Palestinians attack border military post

HEBRON, West Bank — Palestinian militants shot and wounded two Israeli border policemen yesterday in an attack on a military post near a West Bank shrine, the latest attempt to disrupt a delicate cease-fire.

Israeli Prime Minister Ariel Sharon, reacting to the attack, said Jews would continue to live and pray in Hebron, endorsing the settler presence in the tense city.

Despite the violence, both sides reported progress in transferring West Bank cities to Palestinian security control after weeks of deadlock over Israeli roadblocks.

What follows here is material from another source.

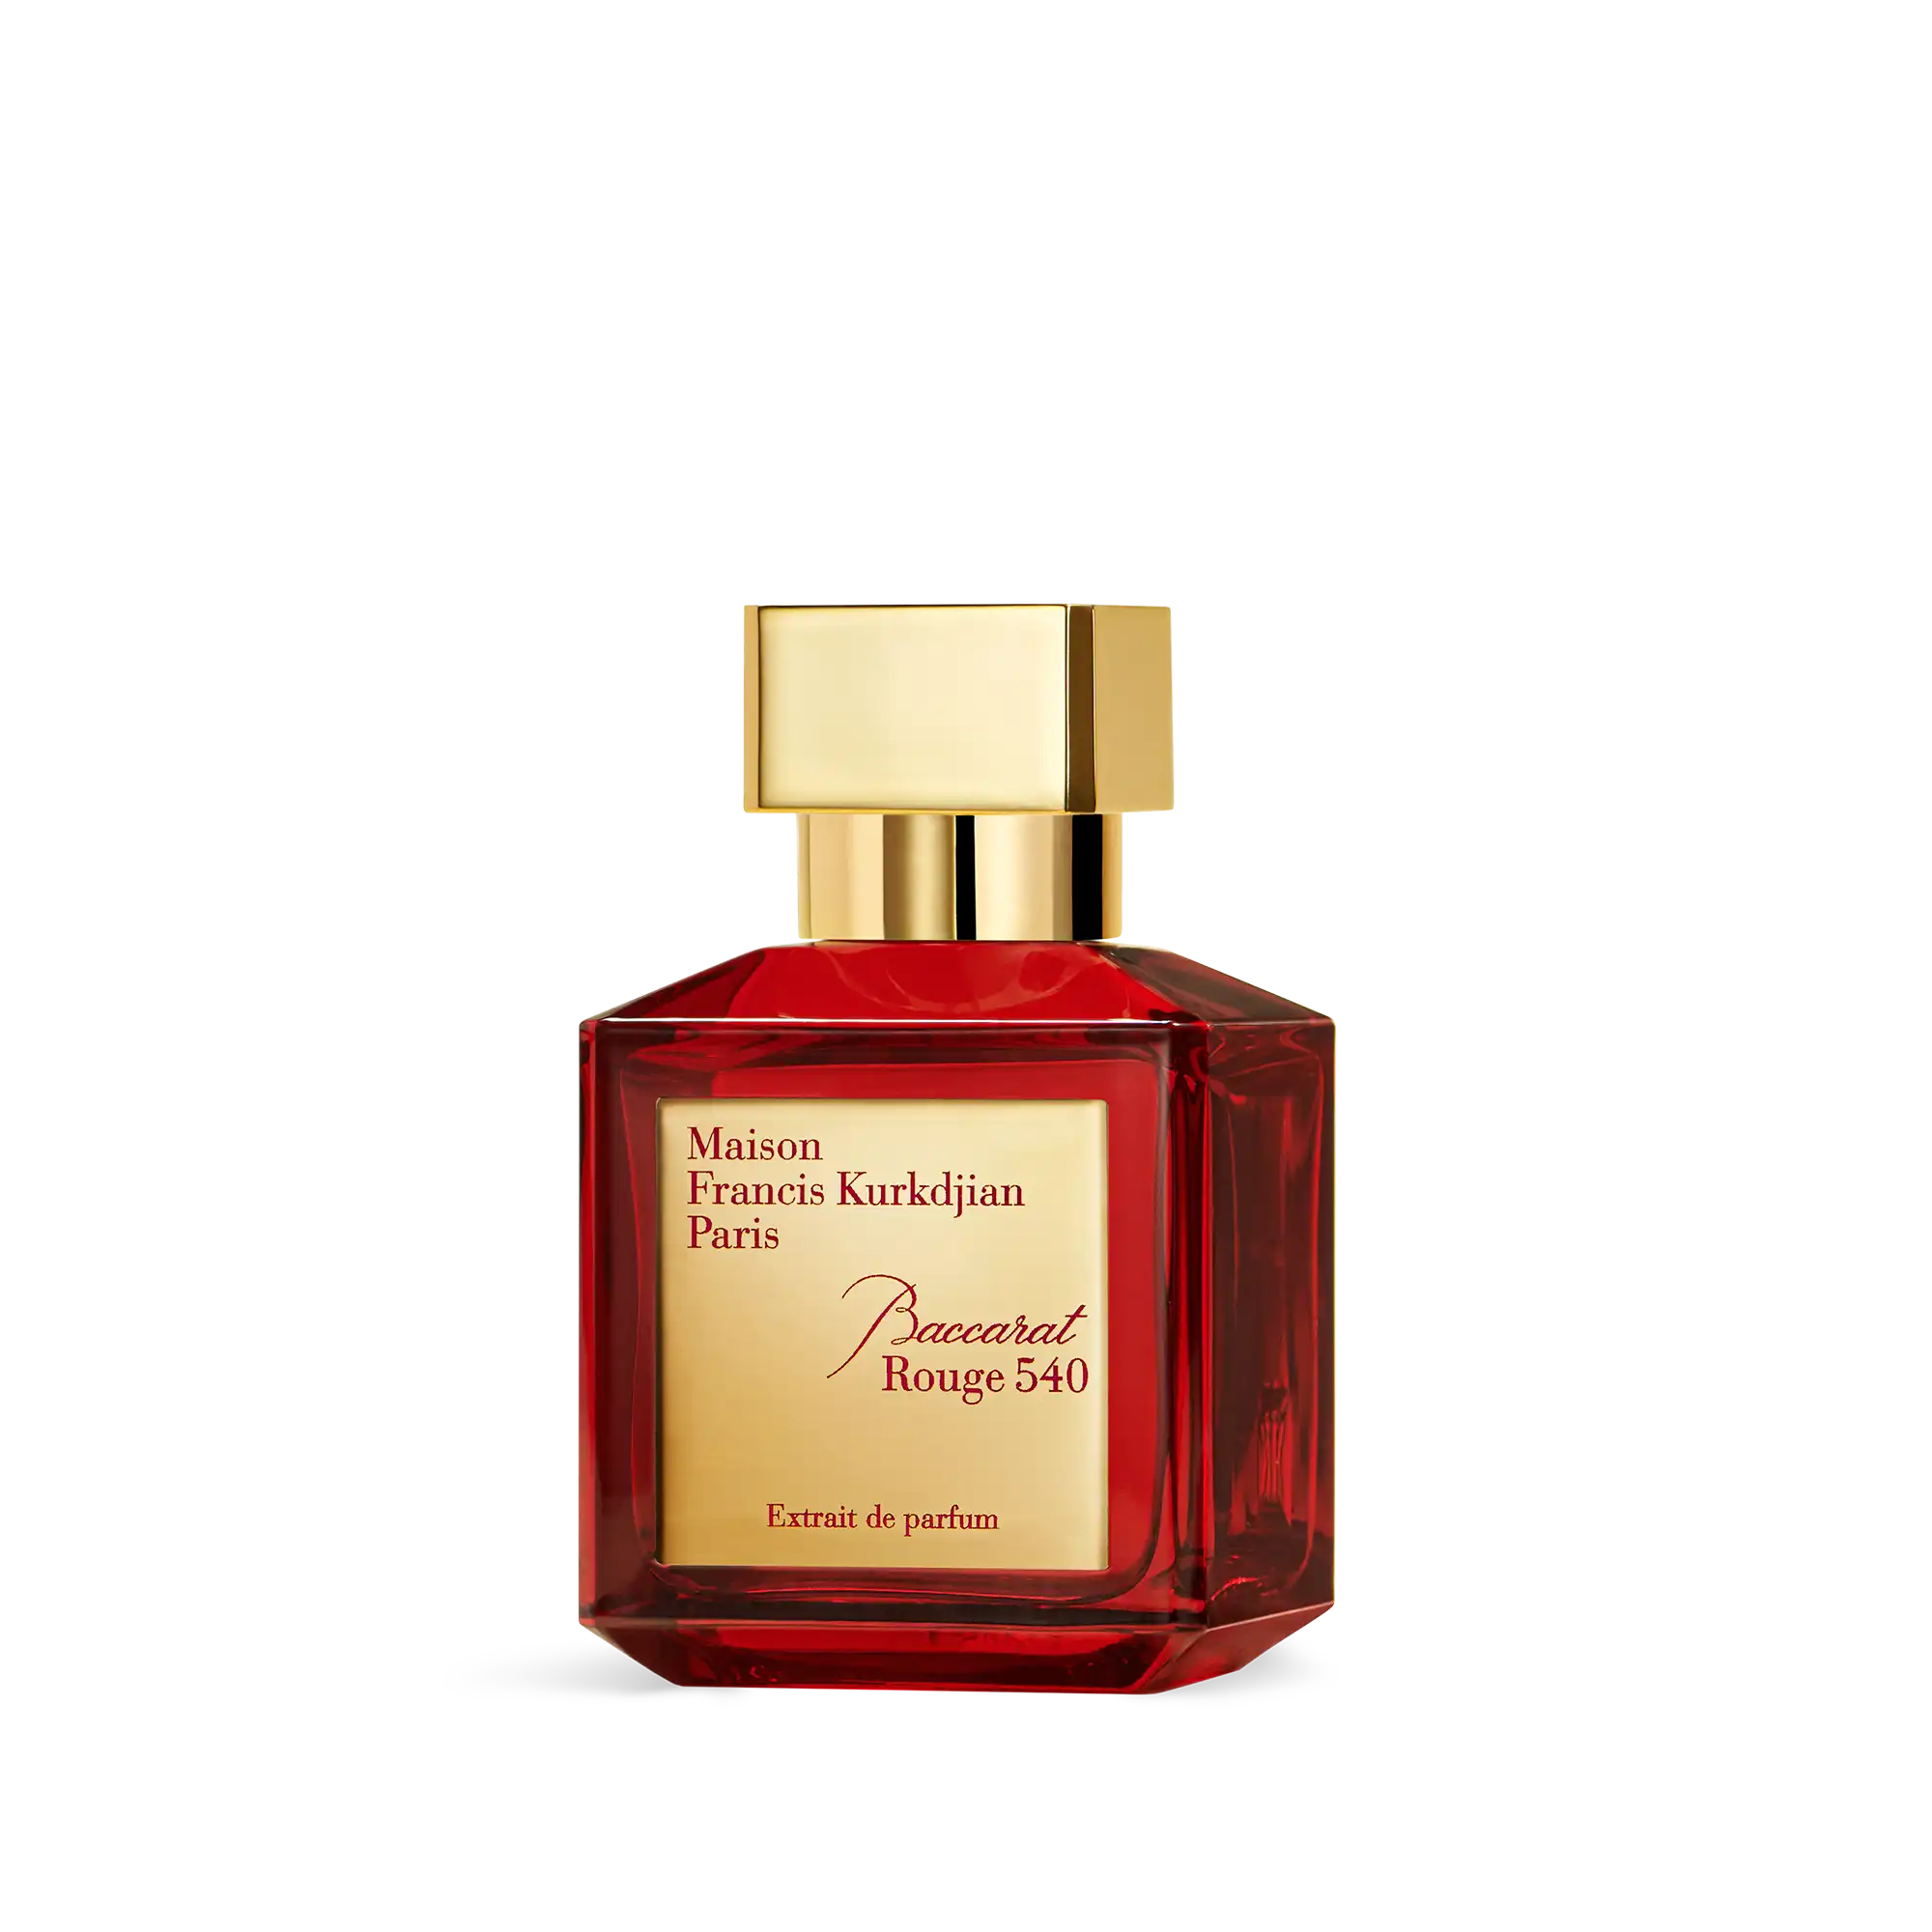 Maison Francis Kurkdjian baccarat rouge 540 extrait de parfum 70 ml

The town of Tulkarm is to be transferred today.

Israeli Defense Minister Shaul Mofaz and Palestinian leader Mahmoud Abbas are scheduled to meet today to discuss the transfer of West Bank towns, the highest-level negotiations on the issue.

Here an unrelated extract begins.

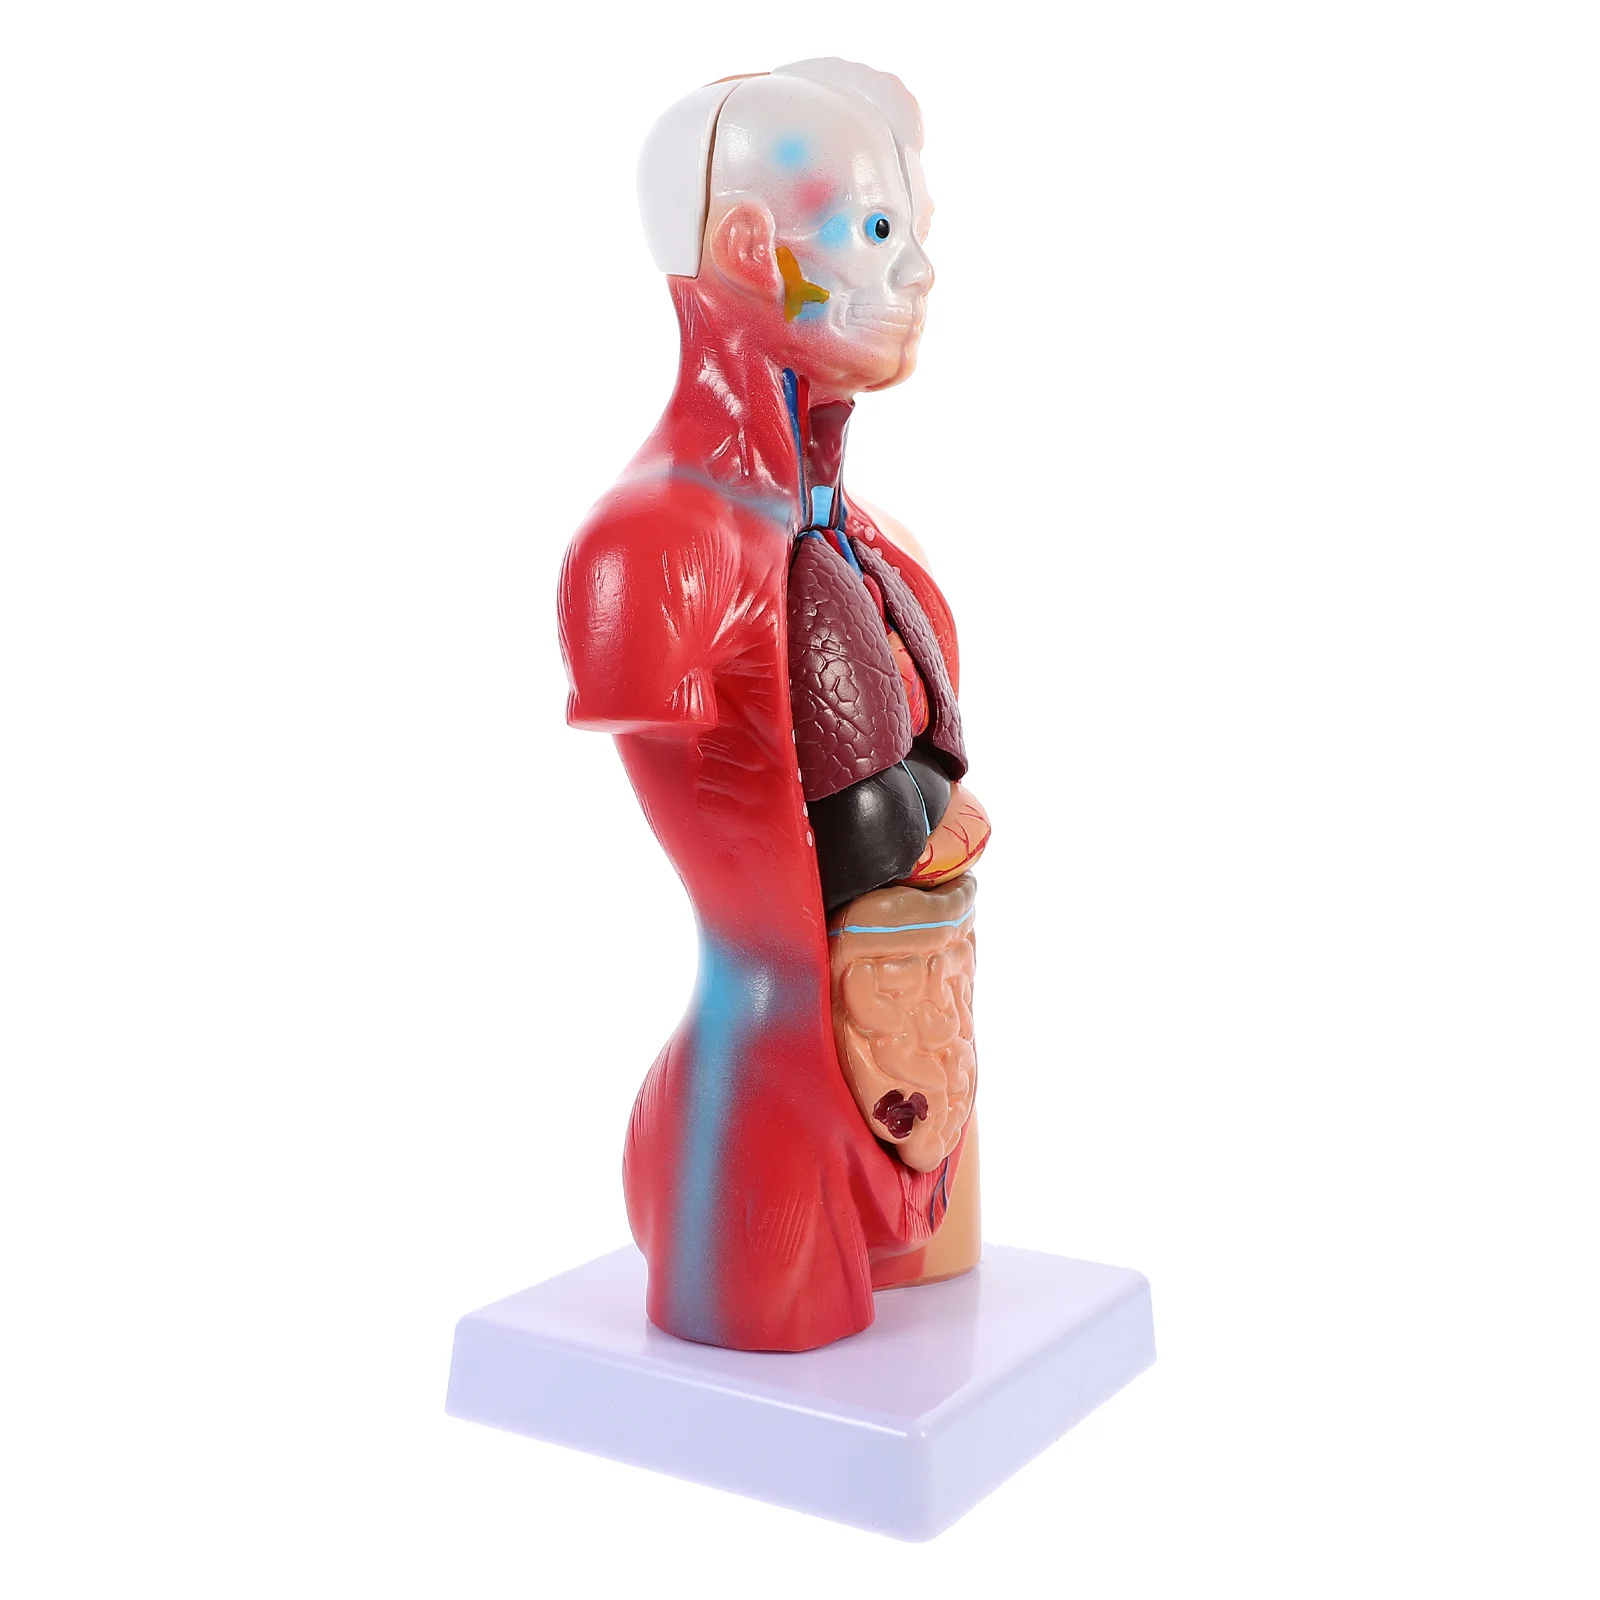 

Манекен, школьный обучающий инструмент, модель человеческого тела, анатомический торс из ПВХ, детский анатомический манекен

Government forces kill 30 Maoist rebels

KATMANDU — Government forces killed at least 30 Maoist rebels in Nepal, the army said yesterday, in one of the most deadly clashes since King Gyanendra fired the government and seized power last month to put down the rebellion.

The fighting in the western district of Arghakhanchi, a rebel stronghold, occurred Friday when the Maoists attacked the district’s headquarters and set several government offices on fire, the army said.

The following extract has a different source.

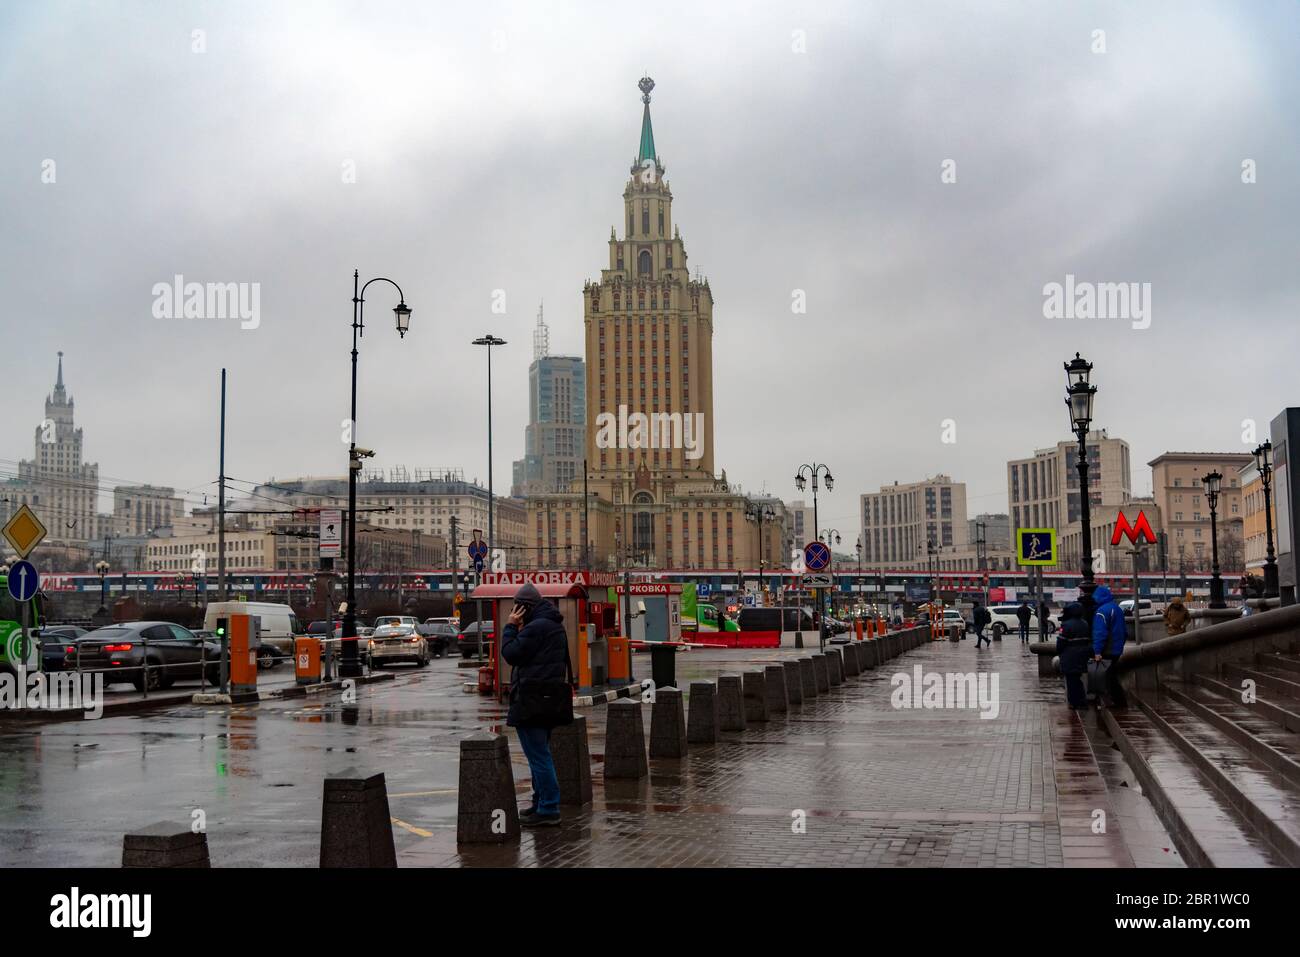 Moscou, Russie: Vue sur l'hôtel Leningradskaya depuis la gare de Leningradsky. Moscou, Russie. Banque D'Images

Reports of the fighting came as Nepal assured its giant neighbor and key ally, India, that King Gyanendra would soon relax some emergency measures he took after assuming full power and suspending civil rights.


Yugoslav army chief surrenders to tribunal

THE HAGUE — The Yugoslav army’s wartime leader surrendered to the U.N. war- crimes tribunal yesterday to face charges stemming from the Balkan wars of the 1990s, including killings and other attacks on civilians.

Gen. Momcilo Perisic was indicted last week for his suspected role in atrocities committed by his troops in Croatia and Bosnia over a five-year period. Tribunal spokesman Jim Landale confirmed Gen. Perisic’s arrival in the Netherlands.

The general, a one-time ally of former President Slobodan Milosevic, is the fourth-ranking Serb commander since January to announce his readiness to be tried by the U.N. tribunal.


Police recover 3 stolen paintings

OSLO — Police recovered three works by Norwegian artist Edvard Munch in a raid yesterday, a day after they were stolen from a hotel. But his iconic work “The Scream,” taken in a separate theft last year, still is missing.

Police said several people, some with foreign background, have been arrested since the raid last night. The recovered paintings include a 1915 Munch watercolor, “Blue Dress,” and two lithographs — a self-portrait and a portrait of Swedish playwright and novelist August Strindberg.

“The Scream,” showing a terrified waif figure under a blood-red sky, and “Madonna” were stolen from Oslo’s Munch Museum in front of dozens of tourists last August.


Pretoria to change to Tshwane

PRETORIA — South Africa’s capital city Pretoria yesterday took a step closer to changing its name to Tshwane and seeing the moniker once associated with the apartheid regime disappear from maps.

At a special meeting, the African National Congress-led 152-member City Council voted in favor of the plan. The city of 2 million was named originally by white Afrikaner settlers after Boer hero Pretorius in the 1850s.